In: Accounting
Respond to the following in a minimum of 175 words:
Many of us apply the time value of money in our personal lives; for example, when we invest dollars in a young child’s bank account earmarked for his or her eventual college education. Share an explanation of the time value of money in your own words. What criteria do accountants use to decide whether to use present or future values in accounting statements?
Time value of money is a concept used to determine the worth of money either in future terms or the present worth of a future money. The essential reason of doing time value of money is the fact that the value of money changes with time due to reasons such as inflation, depreciation in value, no storage value and the like.
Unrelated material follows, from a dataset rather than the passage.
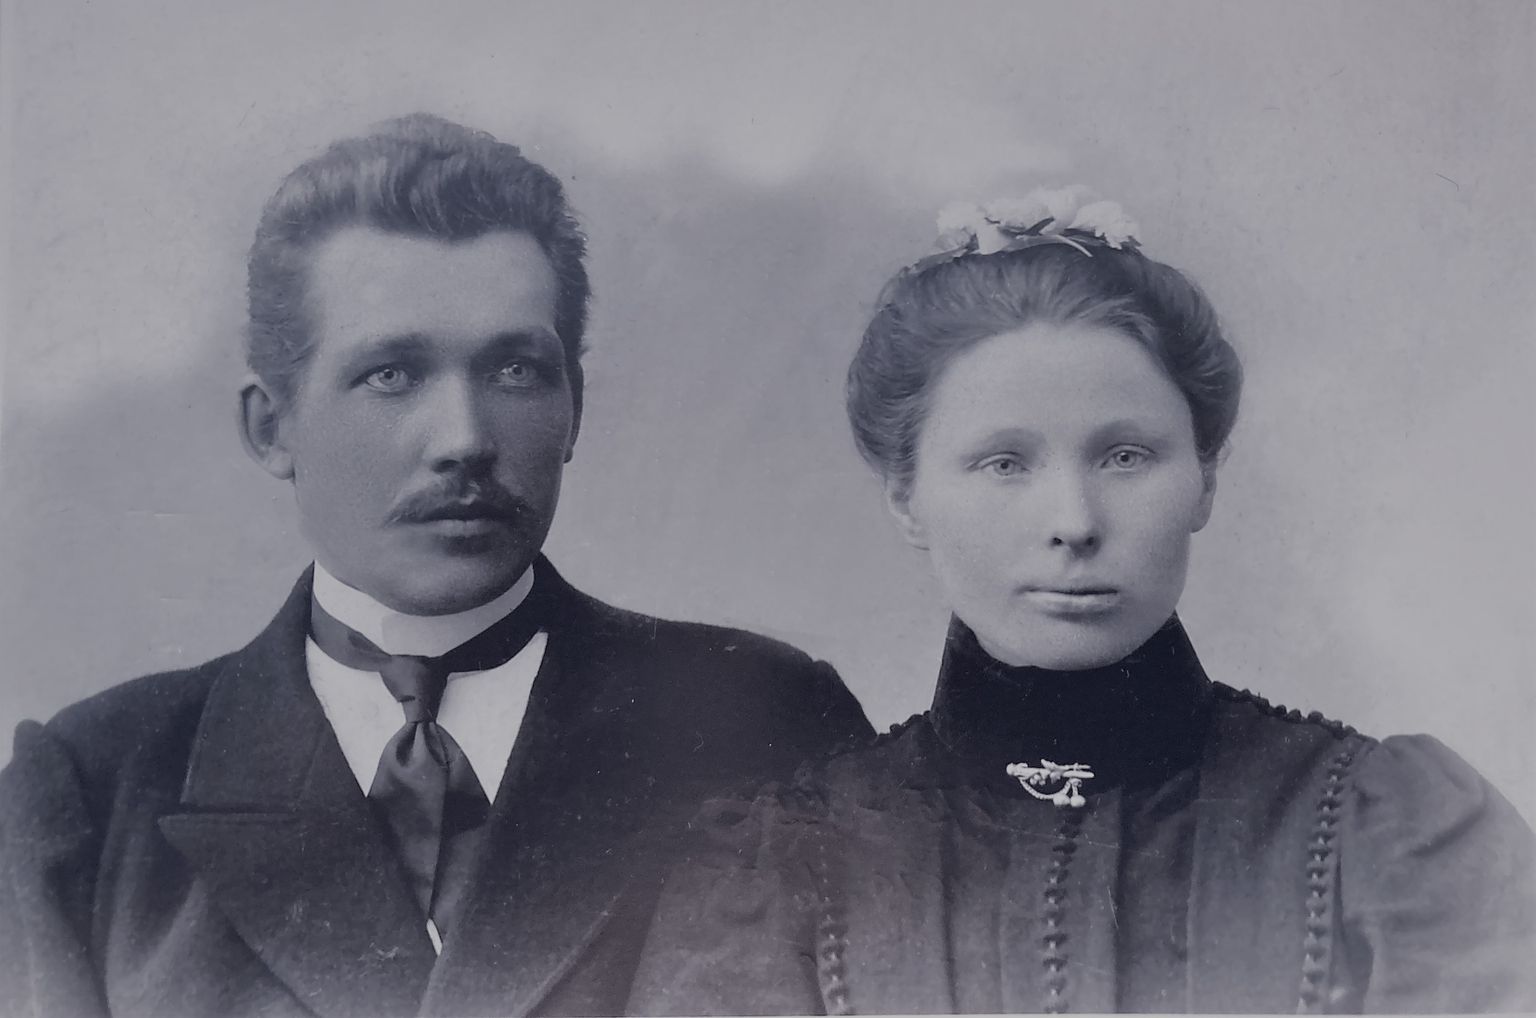 Pulmapildil Miina Lass ja Jaan Krusbart 1902. või 1903. aastal Viru-Nigulas.

Money is a moving concept and the worth of each dollar is different at various points of time. Also, the concept of time value is used in estimating the compounding or discounting effect for an investment or a liability. For example, an investment promises to yield $1000 each month for the next 2 years. However, the worth of $1000 each month may not remain same as time progresses. In this case the time value of money has to be measured through the concept of present value of the future cash flows i.e. to know the worth of the $1000 future cash flows today. Similar concept is used to determine the future value of an investment that is made today and helps in matching revenues with the future expenses for many business. Accountants determine the use of future or present value concepts based on the timing and the effect that the cash flows will have on the financial statements. For instance if the firm has taken up a lease of a new building, the same will involve outflow of cash in the future but the liability has to be recognized today. The future cash outflows associated with the lease liability are discounted using an appropriate interest rate and the liability is recognized at money's worth today.